8月末発売の『これからの男の子たちへ〜「男らしさ」から自由になるためのレッスン』、著者の太田啓子さんが予告ツイートをしたところ大反響! 累計57万PVを達成し、Amazonで「ジェンダー」部門1位、総合ランキング50位以内を1週間継続という快挙となりました(発売前なのに!)。
コメント付きRTやリプライで寄せられたこういう本を待っていた!」「夫や子育て中の家族にも読ませたい!」という声の熱さに、著者ともども嬉しい驚きを感じています。
とはいえ、まだ刊行まで1か月。待ちきれない!という声にお応えして、このnoteで少しずつ情報をお知らせしていきたいと思います。
まずは、本文の「はじめに」を先行公開します!

はじめに

こんにちは。
太田啓子といいます。神奈川県で弁護士をしています。
弁護士というのは、世の中にあるいろいろなトラブルについて当事者からご相談を受けて、法律を使って解決するお手伝いをする仕事です。
ひと口に弁護士といっても、人によって日常的に扱う仕事はだいぶ違うのですが、私の場合、いまは離婚事件の扱いがいちばん多いです。女性の離婚専門というわけではありませんが、まだ女性の弁護士は多くはないので(全弁護士の2割弱ほど)、女性弁護士を希望するご依頼が集中し、結果的に依頼者の7〜8割が女性となっています。
また、セクシャルハラスメントや性暴力被害に遭った方の代理人の仕事も、他の弁護士と比べると多いと思います。ハラスメントについては、大学などの組織からの依頼で、第三者的な立場でハラスメント被害の申告を聞き、事実関係を調査するような仕事をすることもあります。
また、「憲法カフェ」(出張憲法勉強会)などの講師としての講演活動もしています。

私生活では、小学6年生と3年生の2人の息子を育てる母親でもあります。
ちなみに、彼らの父親とは離婚をしており、いわゆるシングルマザーです。完全ワンオペ育児歴は、今年でほぼ8年になります。
息子たちの生活や勉強の面倒をみながら弁護士業務もする毎日は、楽しいながらもけっこう壮絶です。
まして、これを書いている現在は、新型コロナウイルスの流行にともなう一斉休校で、常に家に息子たちがいます。暇とエネルギーを持てあました彼らは、すぐに兄弟げんかを始めます。そんな息子たちをなだめたり叱ったりしながら、三食の世話をし、健康を管理し、勉強もさせようとすると、とても時間が足りず、毎日が嵐のようです。
そんな中で日々感じているのが、「男の子の子育ては、女の子の子育てとは違うな」ということです。

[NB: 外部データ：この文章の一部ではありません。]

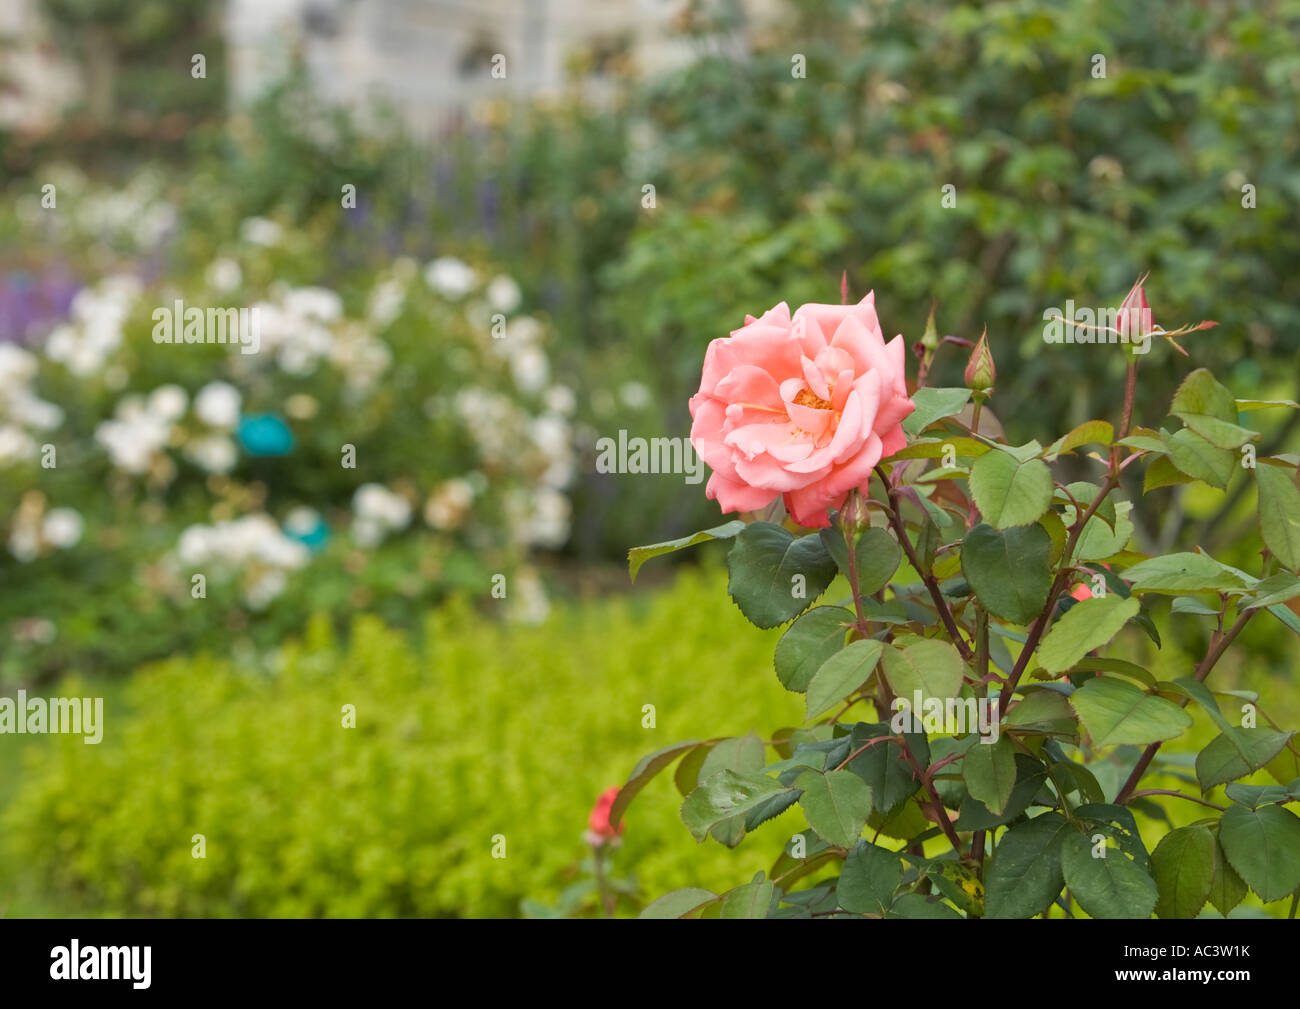 Pink rose with blurred background at L'Abbaye et les Jardins de Valloiresin france eu Stock Photo

私はなぜか子どものころから「女らしさ」「男らしさ」の押しつけには反発があり、「女の子だから」「男の子だから」という理由で違う扱いをしてはいけない、と思ってきました。たとえば「女の子にはそんなに勉強を頑張らせなくても、人から愛されるように育ってくれればいい」とか、「女の子だから数学は苦手で」「うちの子は男のくせに引っ込み思案で」のような言い方には、いまでも引っかかりを覚え、「そういうの違うと思います!」「性別だけで決めつけるのは、子どもの可能性を邪魔してしまうんじゃないでしょうか!」と言いたくなってしまいます。

だから、本屋さんでよく見る「男の子の育て方」のような性別で分けるタイトルの本にも、反射的に身構える人生を送ってきました。それなのに、なぜわざわざ「男の子の育て方」をテーマにした本を書こうと思ったのか、ということをこれから書こうと思います。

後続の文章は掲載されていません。